Anantha Duraiappa, director of economic policy at the International Institute for Sustainable Development in Winnipeg, Canada, and one of the co-chairs of the biodiversity report, says that Sachs’s recommendation to boost infrastructure, if implemented in its current form, "could have a devastating impact on biodiversity".
Hamdallah Zedan, executive director of the UN Convention on Biological Diversity, is also critical of some of the recommendations of the Millennium Project report. He says, for example, that its recommendations on the need to increase agricultural productivity meant that biodiversity was being given little chance to recover from its present decline — caused largely by current agricultural practices.
"What they are forgetting is that biological diversity is the source for our current and future food supplies," says Zedan. "We will destroy this if we expand our current agricultural system."
Although many of the authors of today’s biodiversity report are also members of Sachs’s UN Millennium Project group, Duraiappa complains that their views were given little weight in the final document, which will form the basis for a major UN anti-poverty conference in September.

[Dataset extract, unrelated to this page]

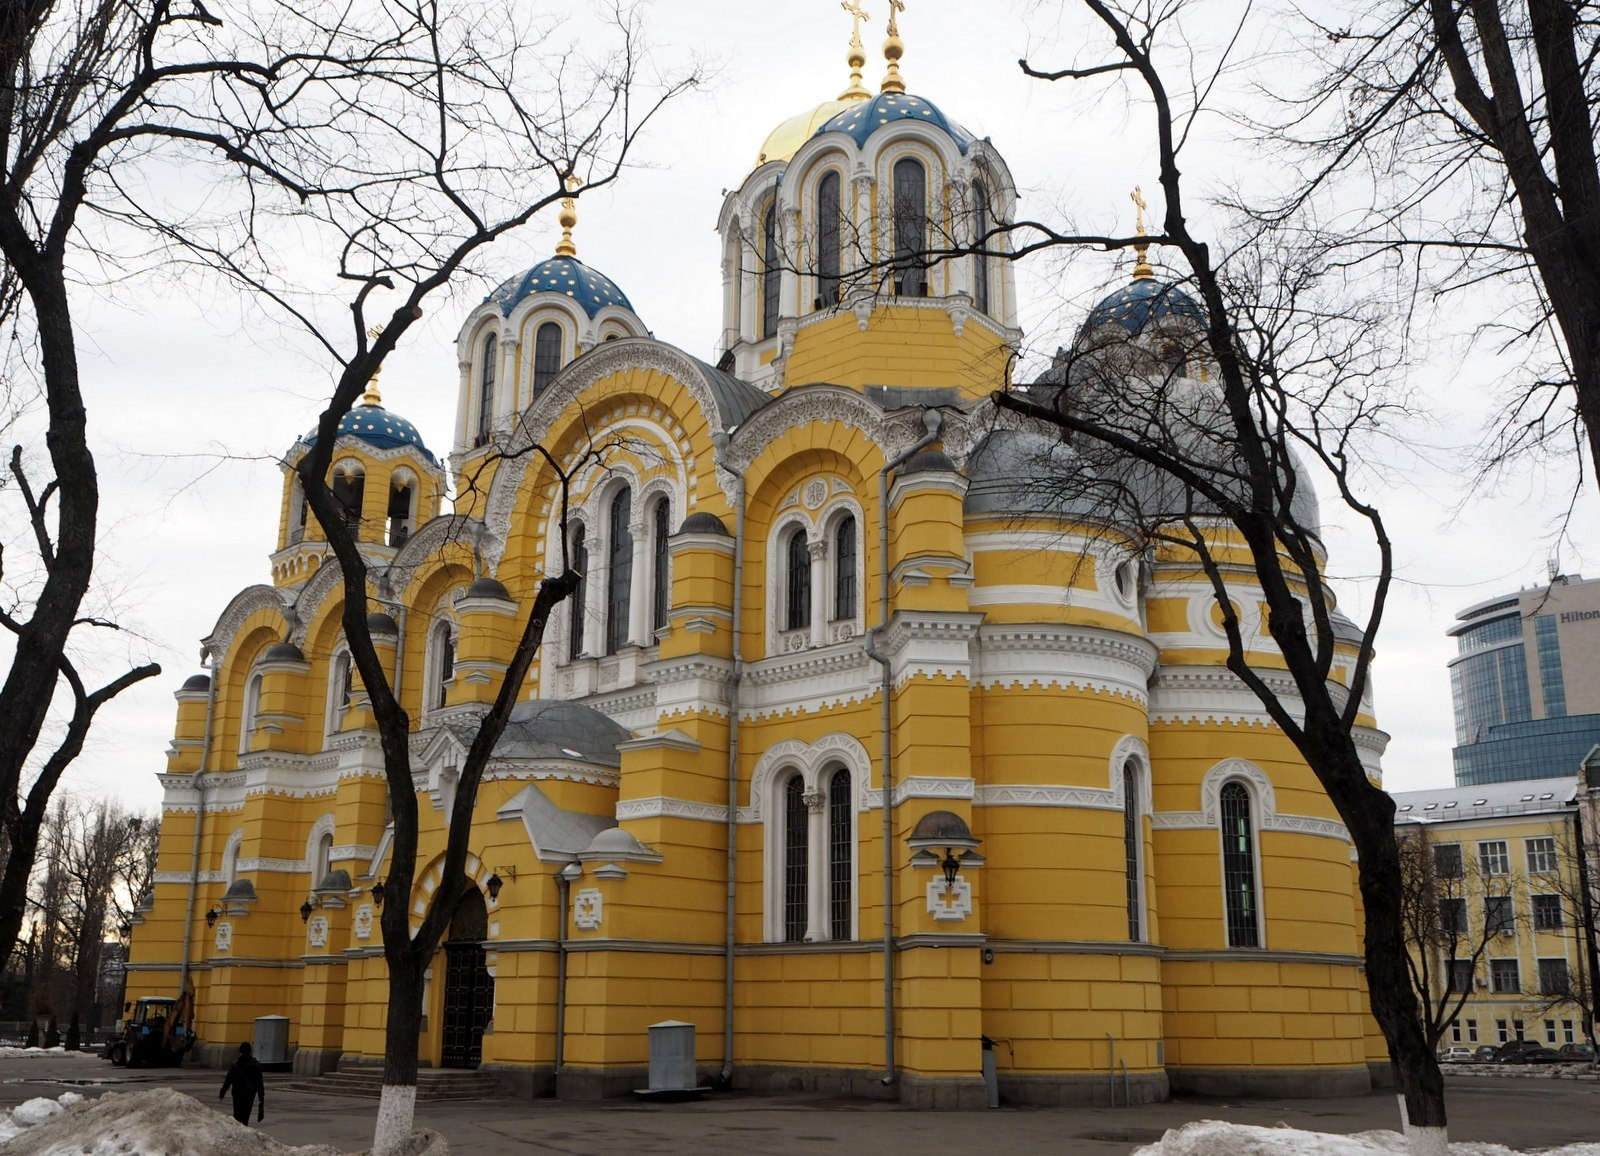 St Volodymyr Kiova

Duraiappa says that the environmental scientists on Sachs’s team of experts largely worked in isolation from other panels, This meant, for example, that they were given few opportunities to connect their advice to that being drawn up by scientists and development economists charged with looking at ways to end hunger and extreme poverty.
In response to this criticism, a spokesperson for the UN Millennium Project secretariat in New York, United States said that numerous attempts had been made to get the environmental experts more actively involved, but that this effort had been hampered by the low level of response to these requests.
"The Millennium Project is a very outcome-oriented exercise," the spokesperson said. "We need ideas for solutions to reduce poverty and achieve environmental sustainability. We want to know what works and what doesn’t."
"Decision-makers want to know about experience on the ground. We didn’t get enough of this from the environment group. We did get a detailed assessment of the problems; but how do you integrate that into a report that is recommending solutions?"
The biodiversity report could generate further controversy in another area. Scientists working on the report who assessed the speed at which ecosystems are being degraded around the world found that on a global scale, the rate of decline is beginning to slow, and that in some places the goal of reducing the rate of biodiversity loss before 2010 is likely to be met.
But these findings do not appear in the report’s 11 "key messages" and have not been flagged prominently in the rest of the document. The report’s ‘Summary for Decision Makers’ says that "overall, the rate of habitat loss … is now slowing in certain regions". But it qualifies this statement by pointing out that slowing down habitat loss does not necessarily translate into lower rates of species loss, as species are not evenly distributed across all habitats.
Cristian Samper, director of the Smithsonian Natural History Museum, and a member of the Millennium Ecosystem Assessment steering group, says that he would have preferred it if greater prominence had been given in the report to slowing down of habitat loss.
Zedan agrees, "I wish we had made more of this," he says. "When we hear good news, we should not be afraid to talk about it."